"I don't know how it will ever work," Matt moaned. "It wasn't supposed to go this far." When he met Aaron in Vancouver in August, he fully intended it to be only a fling that would last the weekend. Then one weekend grew to two, which easily turned into a month and, in spite of his best intentions, kept right on going.
"Amateur," I thought to myself. Two years ago, I was in the same boat, only instead of impractically finding a man in Vancouver, BC, I found one in Paris, France, and found myself continuing the distance, in spite of the advice of my best friends, total strangers, or anyone with a bit of sense.
Even the most grounded of us gay folk with just half a mind for travel can easily find themselves in a similar position, so for all you hopeless romantics willing to skirt "common sense" in the name of ove, I offer a few helpful tips for making a long distance relationship work.

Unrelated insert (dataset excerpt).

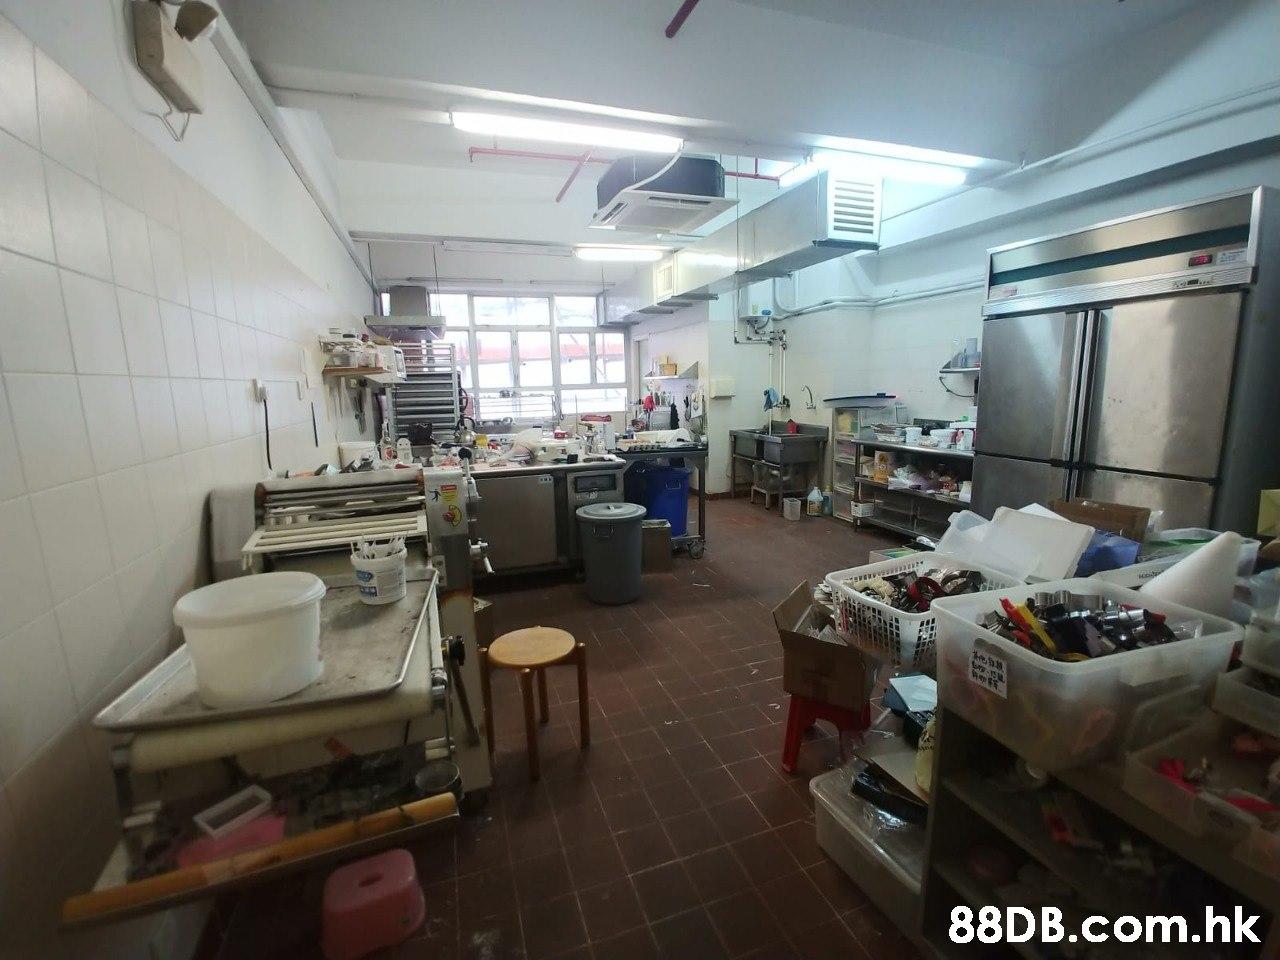 ry-15 et .hk  Building,Property,Room,Interior design,

Daily Contact: If you lived in the same city as your romantic interest, you might see that person every day. When that isn't possible, contact certainly is, and this is especially true in today's world. With inexpensive technology like internet video conversations, the whole world is a click away. For couples who work well together, there won't be much of a shortage of conversation, even in some of the smallest topics. In my experience, you can be closer to someone living a few thousand miles away than you are to the people that live right around you. The key is how and how often you choose to communicate with someone.
Shared Activities: just like couples living in the same city, couples at a distance should try to do things as a couple. Whether reading a book together (to one another by chapters if you care to) taking language lessons, volunteering for the same organization, or learning about some of the interests your distance-loverman has, doing things together doesn't have to happen in exactly the same space.

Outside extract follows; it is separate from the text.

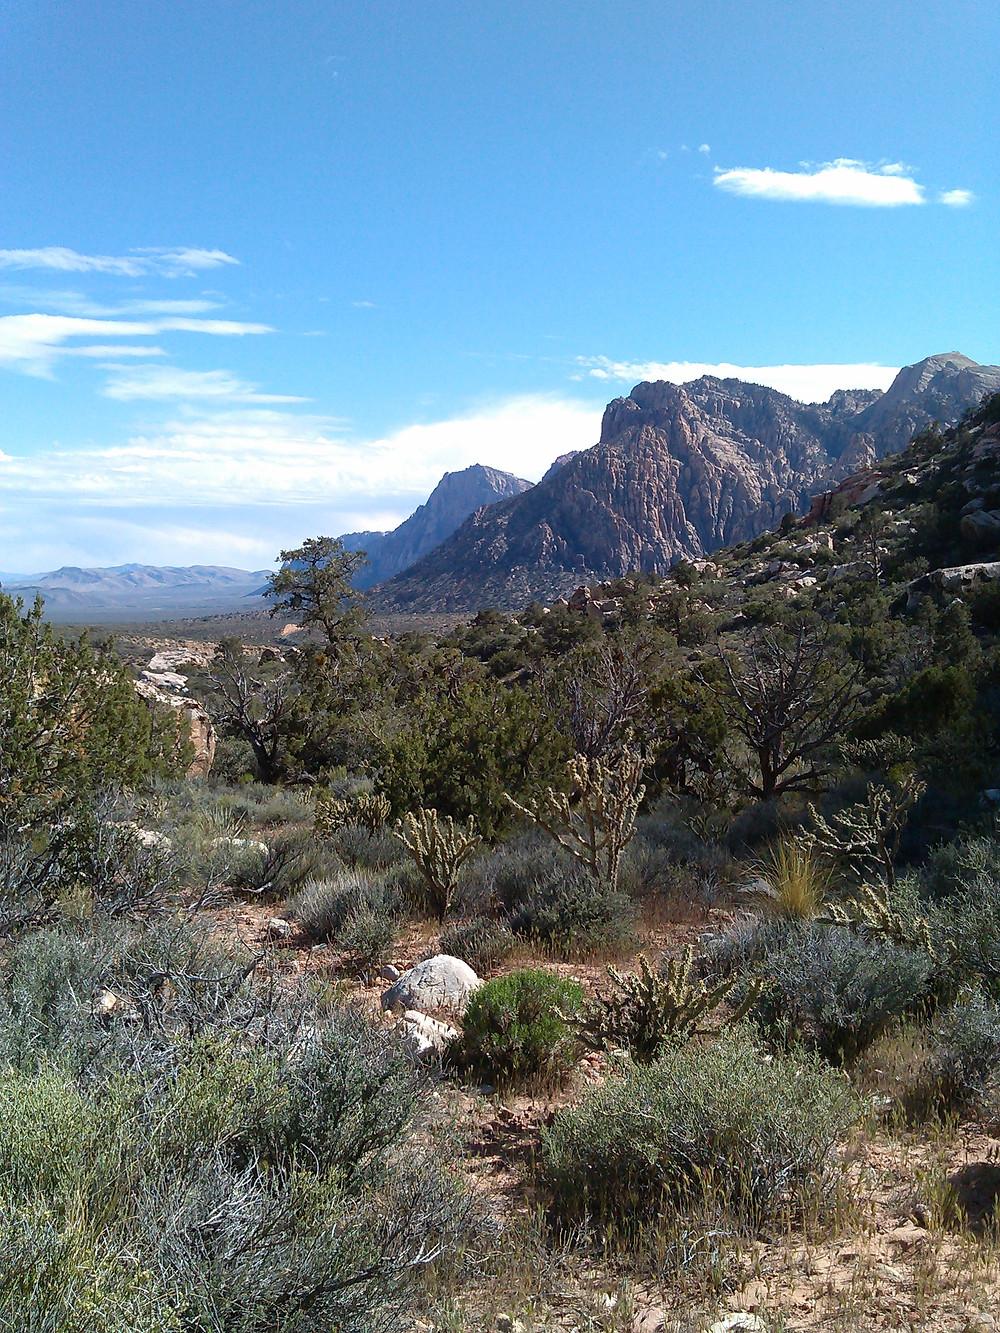 desert plants in front of red rock peaks

Learn to Plan and Save Better: If you're in a long distance relationship, you'll probably find yourself taking frequent trips somewhere. After my sixth trip to France, I started learning how to plan my travels better and to find ways to save money doing it. That's not easy at all, but knowing how to save your airline miles or finding a less expensive place for you both to meet might mean you can see one another more often and increase your traveling, too. Nobody regrets getting out and seeing the world, especially with someone you really like to travel with.
Tune Out Naysayers: If you continue down the distance road, you might find that there isn't much support for the idea around you. Learning to tune out the doubts of those around you early on will keep it from becoming a topic you hear over and over again. Let your well-intentioned friends know that, while you appreciate their wisdom (because hey, they are all in perfect relationships, aren't they?) you've made your choice.
Set an End: Perhaps the most important advice that any hopeless romantic in a distance relationships might offer, is that you must both realize there has to be an end to the distance. After all, distance still sucks, and there should eventually be a day you can ook forward to when you are both in spontaneous hugging distance.
Of course, there are those of you who will insist entirely that you cannot carry on a serious relationship with someone from a distance. There are plenty of good people in this city, they will argue, and they are right in a way. But for guys like me and Matt, the world is an awfully big place and keeping your options to folks who live right in the same city seems a tad bit limited. At the end of the day, love really just don't care much where you are.